According to Sports Director Tom Steels, 16 riders attended with diverse talents and nationalities — including, for the first time, a rider from Algeria.
"At the beginning there was a little bit of searching," Steels said. "Especially the young ones to find out languages they speak, who they are and everything else but after the second day, they really formed a group. They started even playing during training with some smaller tactics. I feel like the group was very good.
One day, the team took the young riders to the Kemmelberg, one of the famous mountains of Gent Wevelgem.
"A lot of riders never saw it in their live," Steels said. "It was nice to see riders who have not ridden on cobbles even one time, to see how they did."
After training, the riders got to watch Matteo Trentin win Gullegem Koerse in Belgium.
"They all enjoyed the day," Steels said. "After that we had a night where they could really socialize with each other, and after that point you could see they knew each other and might ride together even after this training."
Boonen and other riders from the team were in attendance during camp, and the young riders saw much of how the team operates behind the scenes. They were able to see the bus, and how team mechanics work, for some examples.

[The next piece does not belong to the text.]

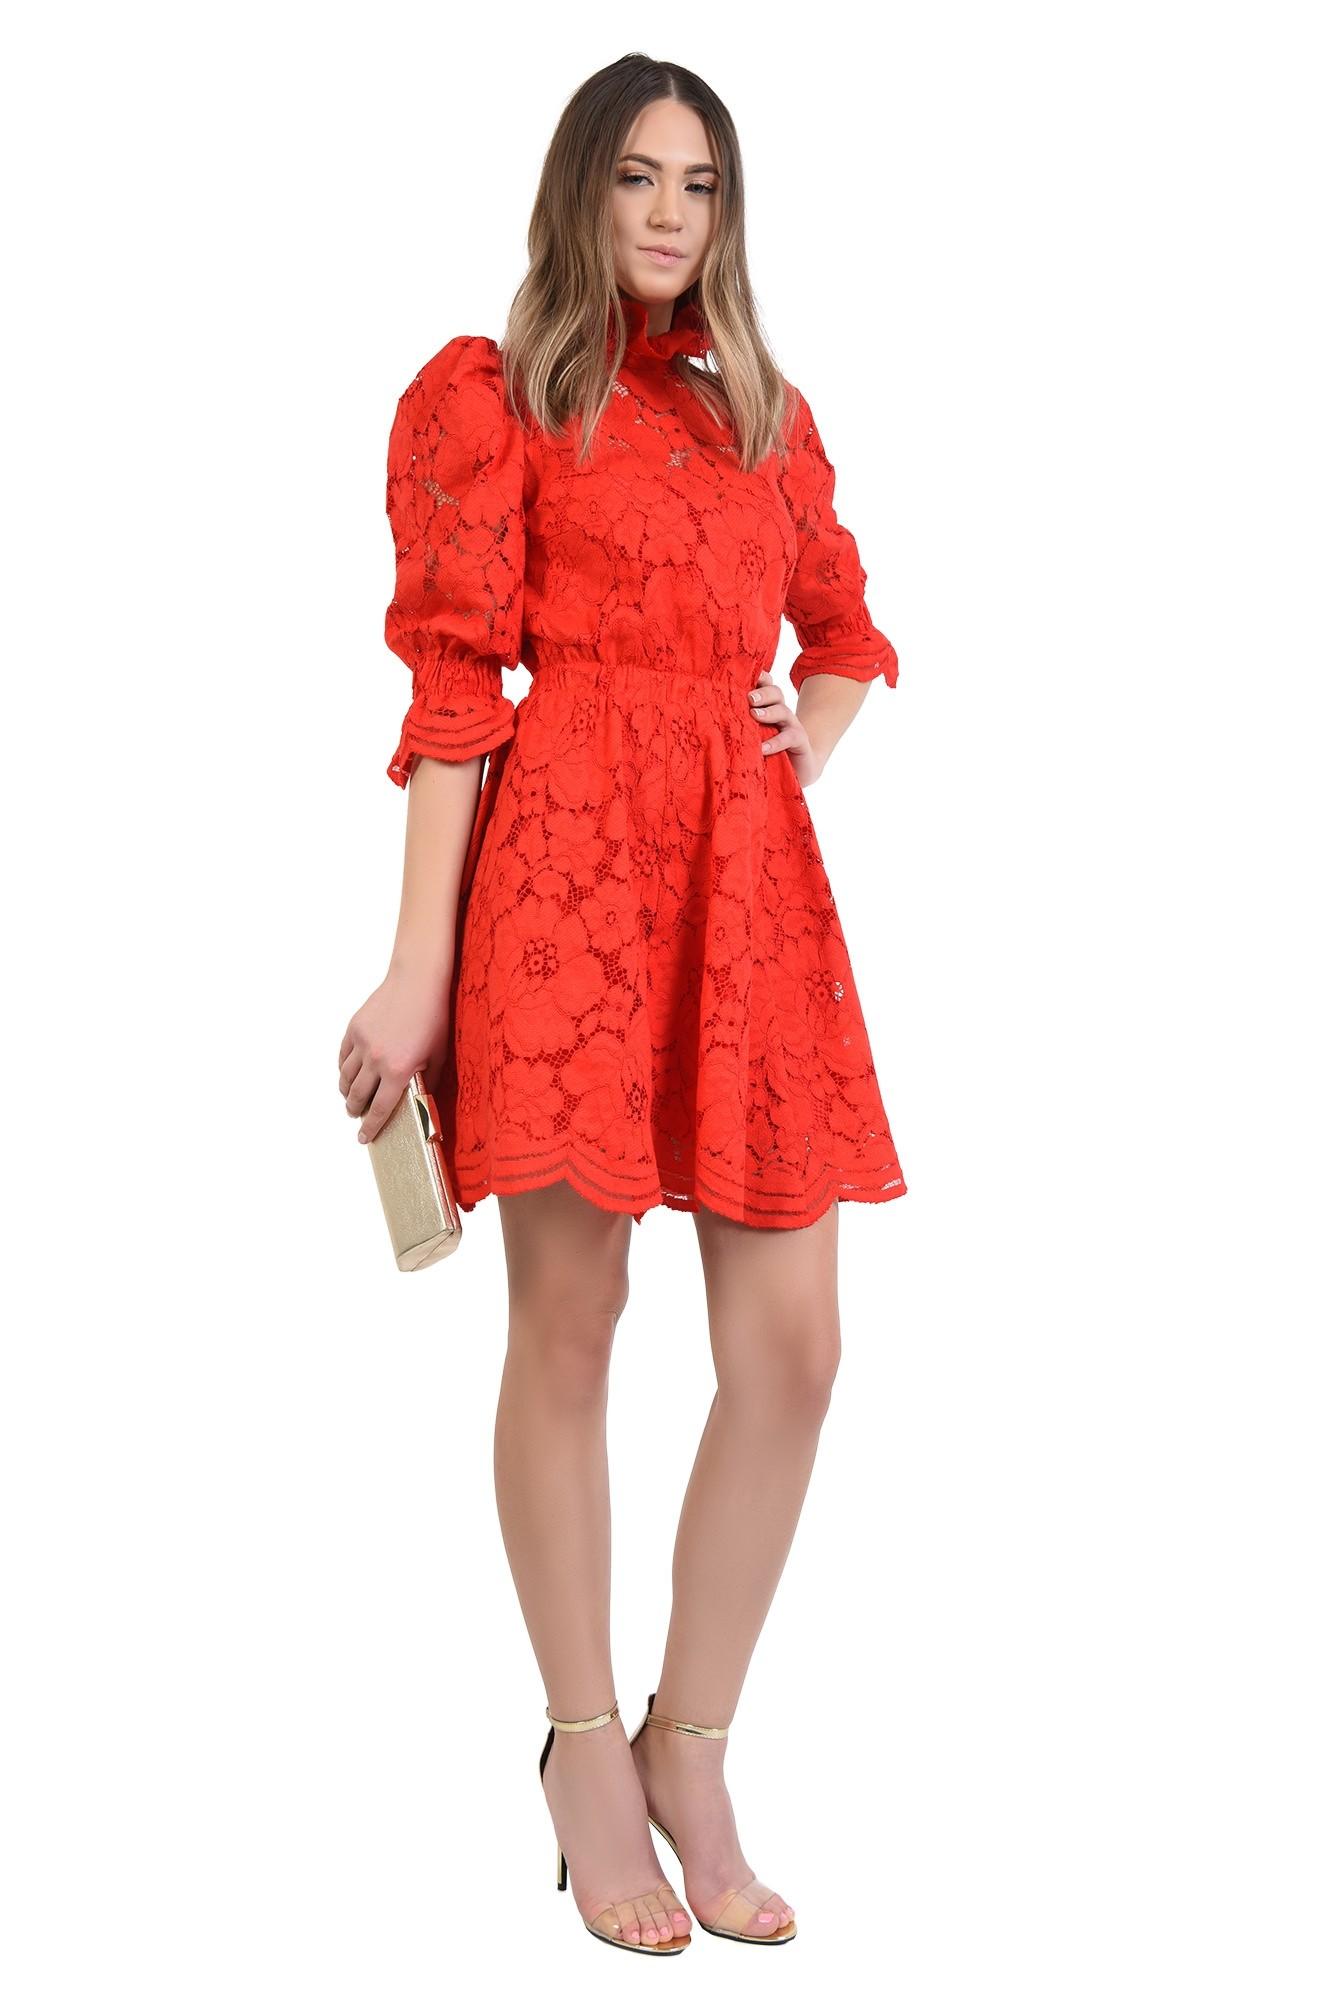 3 - 360 - rochie de ocazie, din dantela, rosie, clos, scurta

"They saw a little bit of the atmosphere," Steels said. "Patrick Lefevere was there too. For us, it's a good experience and gives us a chance to say who we are, what pro cycling is these days, and for them, it was hopefully a good experience. It's good for them to know just how it goes on a real professional level. We've already received good comments from them. We were told it was a nice training camp, and they enjoyed the welcome we had for young riders in a professional environment."

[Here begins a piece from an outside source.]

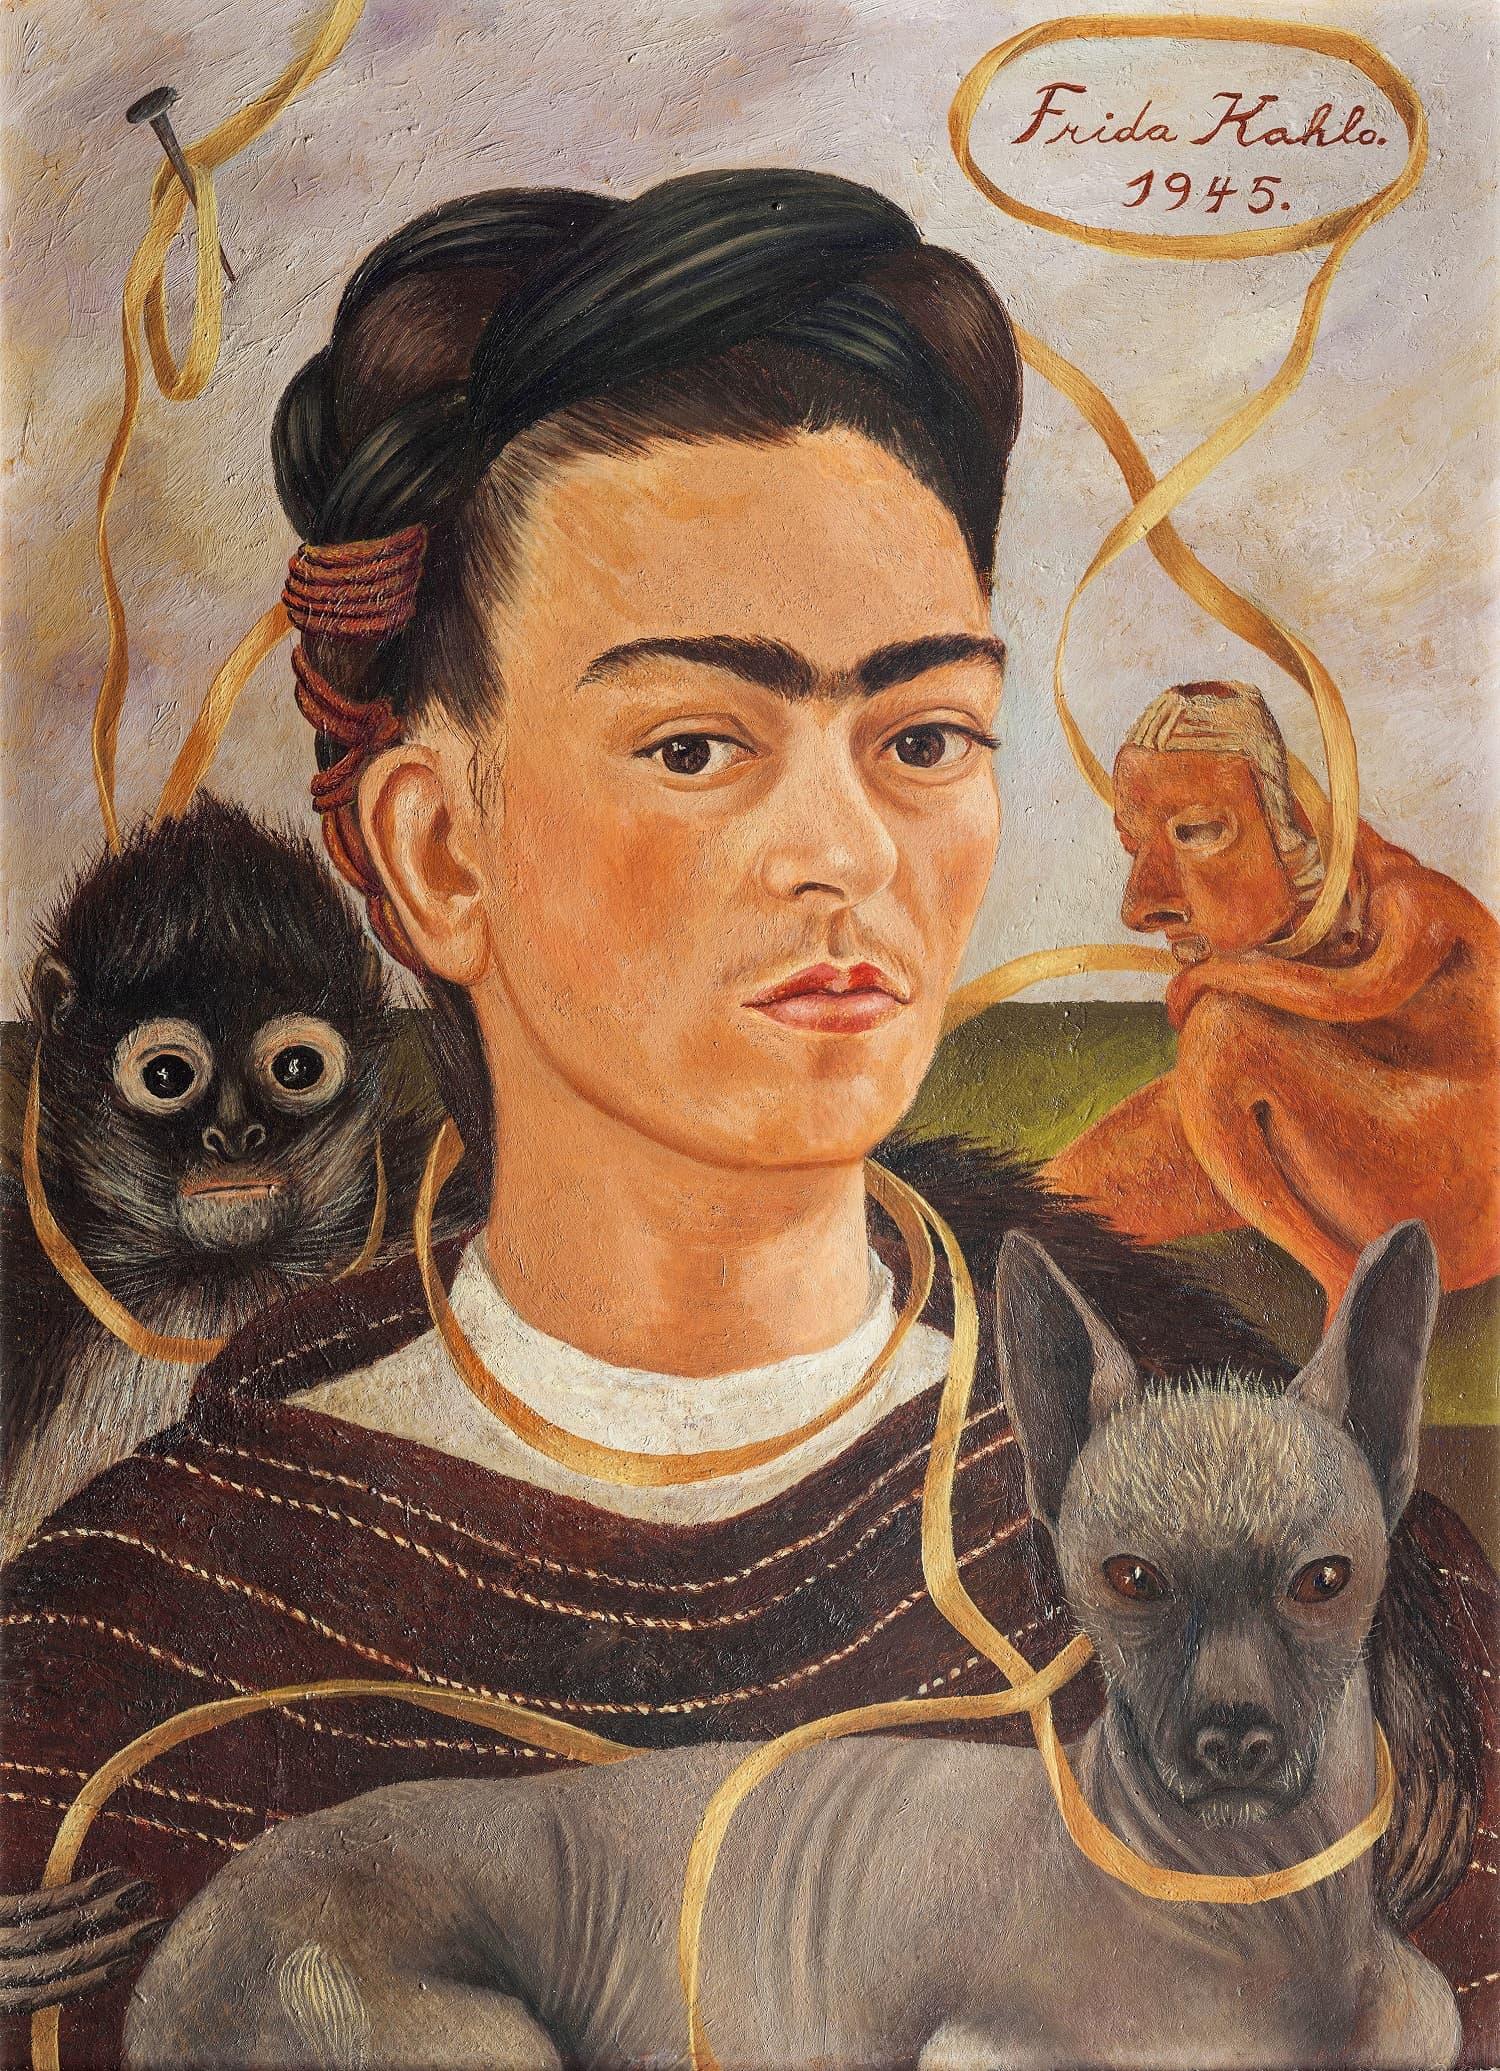 Self-portrait with Small Monkey, 1945 Oil on masonite, 56 x 41.5 cm (22 x 16⅜ in.)

Steels said the youth is very important for the future of professional cycling.
"We all think every generation has its talent," Steels said. "It's also good to know them, and good to know every year how the young guys think about pro cycling. It's good we can tell them how pro cycling is and how they need to be in shape, or maybe send them in the right direction. We are telling them 'OK, this is really what high level cycling is like.' Some of them are still too young, but then, at least they know if they want to continue with cycling, what they are going to face. Other ones it's a matter of choosing the right moment to pick up their talent and come over to professional cycling."